If you do not need to compare text files with "Ignore case" option etc enabled, you can use the "Binary Contents method". Using that option should speed up the comparison a bit.

Will this option skip reading files that exist only in one of the folders being compared? or does it just take less time to do the 'self-compare' because it's not doing some things that occur in the other compare types?

sdottaka commented 4 years ago

Will this option skip reading files that exist only in one of the folders being compared? or does it just take less time to do the 'self-compare' because it's not doing some things that occur in the other compare types?

Yes. This option first compares file sizes. If the files are the same size, the contents of the file are compared, but if the files are not the same size, the contents of the file are not read.

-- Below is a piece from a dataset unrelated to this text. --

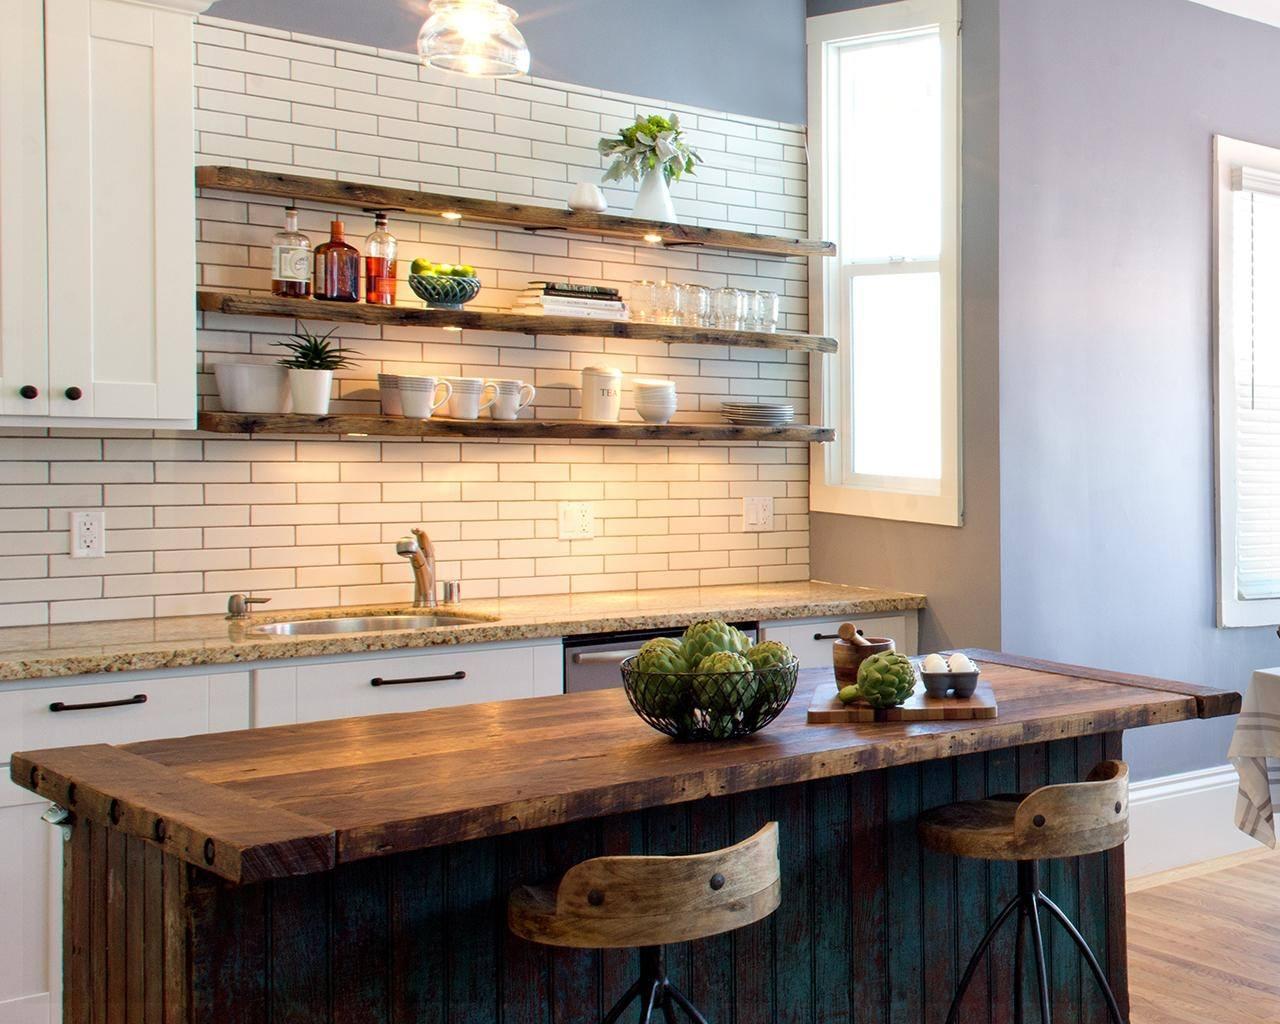 Rustic Kitchen Cabinets - Doorless kitchen

For this reason, this option cannot determine the EOL type of a file, determine whether it is text or binary, ignore case, and so on.

username1565 commented 4 years ago

Yeap, I did test it again, and this really working:

1544 files total, to compare. WinMerge 2.16.4.0. Enable comparison in binary mode: 
33      WAIT, SLOW COMPARISON...
58      WAIT, SLOW COMPARISON...
87      WAIT, SLOW COMPARISON...
124     WAIT, SLOW COMPARISON... 
135     WAIT, SLOW COMPARISON... Wanted to stop it, but...
162     WAIT, SLOW COMPARISON... Wanted to stop it, but...
1301        UNEXPECTED JUMPING HERE!!!
1359        WAIT... 
1400        WAIT...
1412        WAIT...
1435        WAIT...
1488        WAIT...
1544        WAIT...
Result: 266 files equal, 1133 on left side only, 7 on right side only, 14 files changed.

Maybe, this just need to enable, by default. But stop... You say about that option is compared file size... And... What about file-size is null for second file, and file not found, in all another modes? This file is compared with empty file, and all previous file is reading line-per-line into the diff with empty file, right? So, why just not to do the disabling this, if file not found or file-length is null, and make this by default, for all another modes? :smile_cat:

Best regards! And... This issue is closed! Nice program!